Elena Tairova

Personal information
- Born: 28 August 1991 Minsk, Belarusian SSR, Soviet Union
- Died: 16 March 2010 (aged 18) Minsk, Belarus

Chess career
- Country: Belarus Russia
- Title: International Master (2007) Woman Grandmaster (2006)
- Peak rating: 2455 (November 2009)
- Peak ranking: No. 34 woman (July 2009)

= Elena Tairova =

Belarusian-Russian chess player (1991–2010)
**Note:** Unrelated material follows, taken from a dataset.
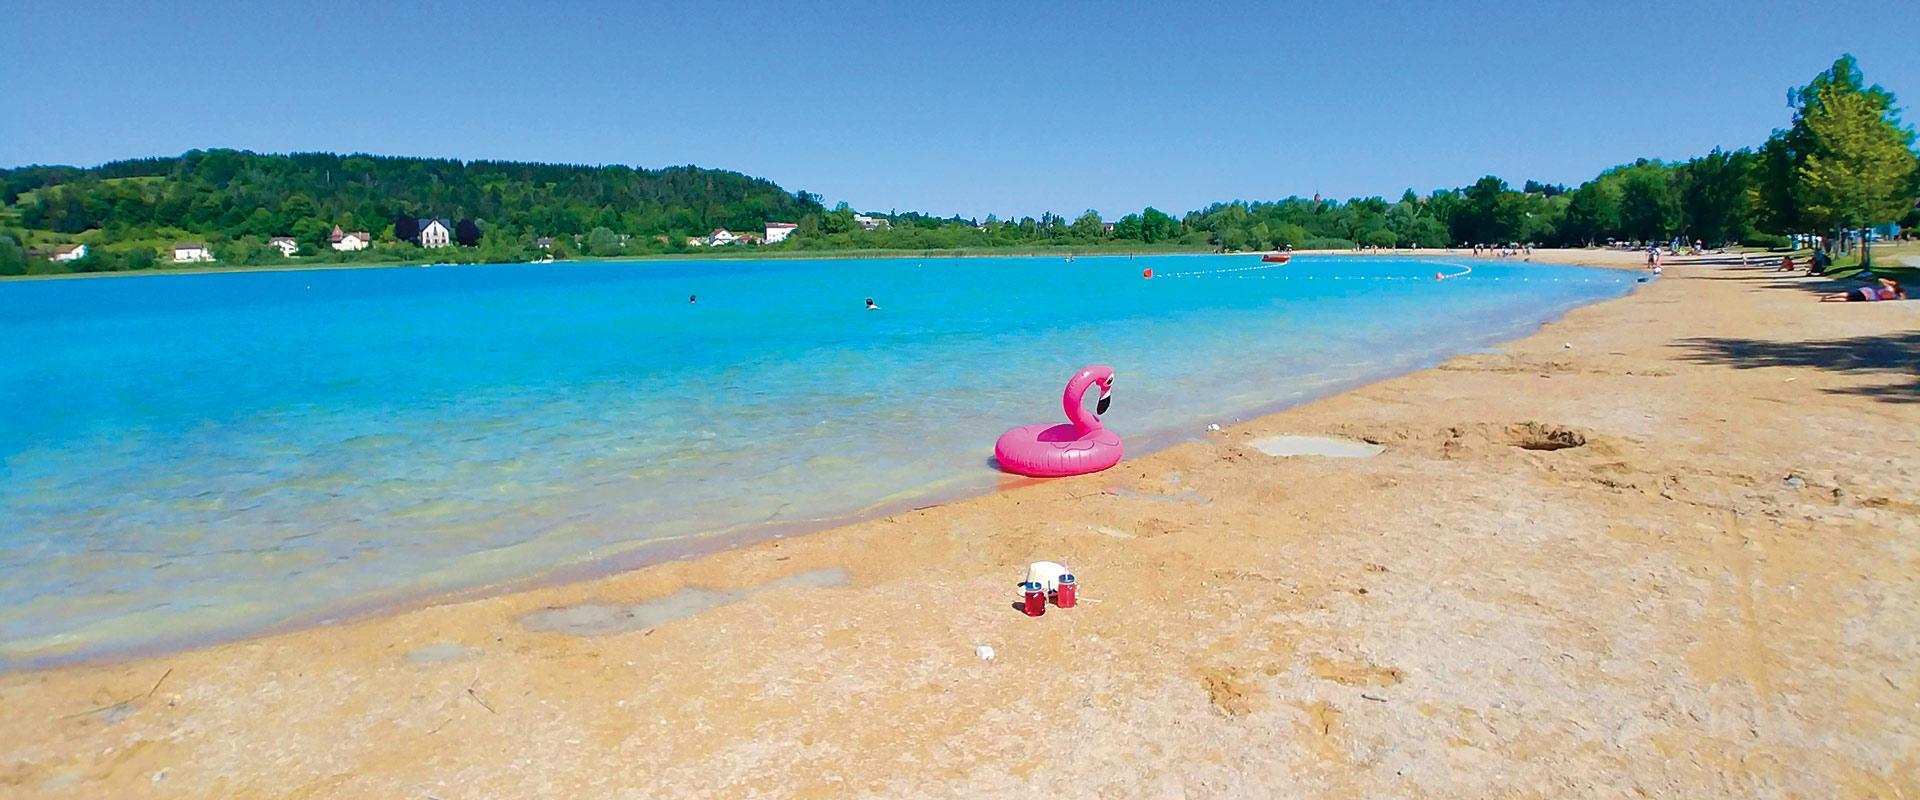 Camping jura avec piscine avec piscine 3 - Camping dordogne avec piscine et lac ...

Elena Tairova (Елена Таирова; Алена Таірава; 28 August 1991 – 16 March 2010) was a Belarusian and Russian chess player. She was awarded the FIDE titles of Woman Grandmaster (WGM) in 2006 and International Master (IM) in 2007.

==Biography==
Tairova won the gold medal at the European Youth Chess Championships in the Girls U10 category in 2001, playing for Belarus, and the World Youth Chess Championships in the Girls U14 section in 2005, representing Russia. She was the silver medallist in the European Youth Championships in the Girls U12 category in 2003 and the Girls U14 in 2004. Also in 2004, Tairova won the bronze medal at the
World Youth Championships in the Girls U14 category.

In 2006, she won the Russian U-20 girls championship and finished second in the Superfinal of the Russian women's championship.

In May 2007, Tairova played board five for the Russian team that won the silver medal in the 1st Women's World Team Chess Championship in Yekaterinburg.
In July 2007, she finished third in the Queens Woman Grandmasters tournament in Bad Homburg, behind Zhao Xue and Elisabeth Pähtz respectively.
In the same year, she participated in the Russia vs China match and tied for first at the Russian Women's Superfinal, beating Nadezhda Kosintseva, among others.

On 16 March 2010, Tairova died from a chronic undisclosed illness at the age of 18.